Let’s write about how to get a perfect GMAT score and, as a result, we will give several tricks regarding all GMAT topics, focusing on advices about how to prepare for your tests. Be the elephant : Having a good memory comes in handy when taking the GMAT. After you’ve been studying for a while, redo questions you answered incorrectly at the start, to see if you have a new perspective, suggests Dennis Yim, Kaplan Test Prep’s director of academics. Just keep practicing. Keep a steady pace: “The GMAT is not a test you want to, or can cram for,” says Yim. “You need a long, realistic runway, and you need to make sure you have a game plan that focuses on learning strategies that you can take with you to test day.” In addition, you have to work within a certain timeframe. Take timed practice tests as often as you can to get used to the process and reduce stress, says Mike McGarry, GMAT curriculum manager at Magoosh.

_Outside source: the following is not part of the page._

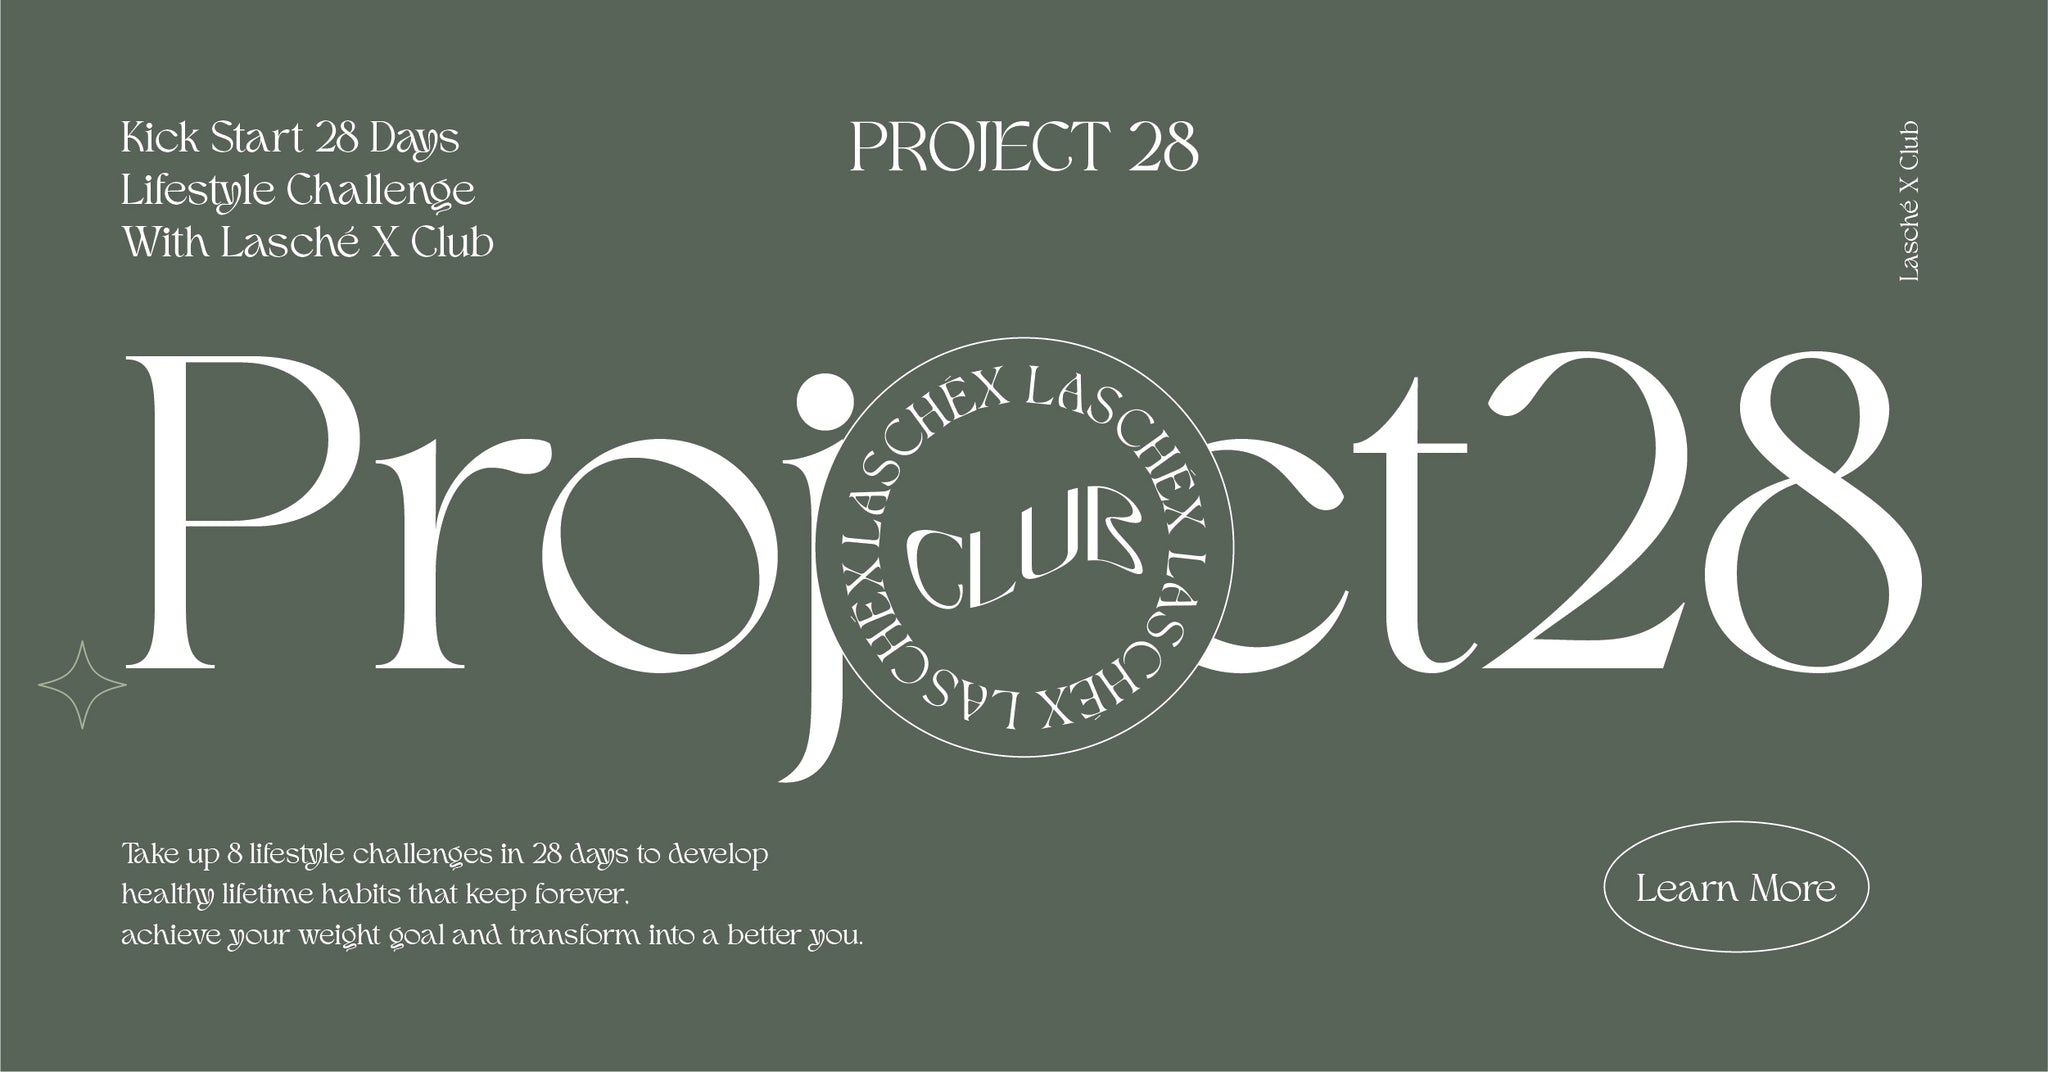 28 days Lifestyle Challenge with Lasché x Club - Project 28

Set a deadline and respect it: It can be professional deformation, but I think that everything is indefinite has no real fate. Including the above objective must have a deadline, until it must be complete. It helps a lot, especially if you’re the kind of person who gets excited at first, starts various initiatives, but who, in the absence of consistency, doesn’t make things happen in the end. The teacher should be fun, not monotonous: therefore, it is advisable to feel good then you start learning, dressing in something comfortable and position yourself in a room where you enjoy spending your time. Try to take notes on colored sheets or write with pens of different colors, which will stimulate your creativity and prevent you from getting bored too quickly.
At the beginning of the test, your score moves up or down in larger increments as the computer hones in on your skill level—and what will turn out to be your final score. If you make a mistake early on, the computer will choose a much easier question, and it will take you a while to work up to the level you started from. That’s why you should make sure that you get those early questions correct by starting slowly, checking your work on early problems, and then gradually picking up the pace so that you finish all the problems in the section.
In many cases, we’re able to succeed with students who have battled the GMAT for months or years. It’s not uncommon for us to help students achieve a major breakthrough after they’ve already done every GMAT Official Guide problem six times, after they’ve hired three other high-priced tutors, or after they’ve taken the exam six times. (And yes, those are all real examples.) Learning some straightforward formulas or grammar rules might help a little bit, but our breakthroughs generally come from digging inside our students’ minds, and discovering the habits and processes that lead to unnecessary errors — and then figuring out how to change those behaviors. See additional info at GMAT Tutor.
A great place to start is the free GMATPrep software. The software is official, costs nothing, and features two real full-length GMAT practice tests. If you haven’t already, download the GMATPrep software and take one of these two tests. Jot some notes down afterward-not just about how it went, but how you felt throughout the process. Could you have sat up a bit straighter? Did you need to blink and look away several times? The more you practice on a computer, the better you’ll be able to assess your stamina. If you can’t find the answer explanation for a problem that challenged you, you should google it. If you guessed, or even if you solved the problem correctly but the process took you longer than one and a half minutes, you should still google it.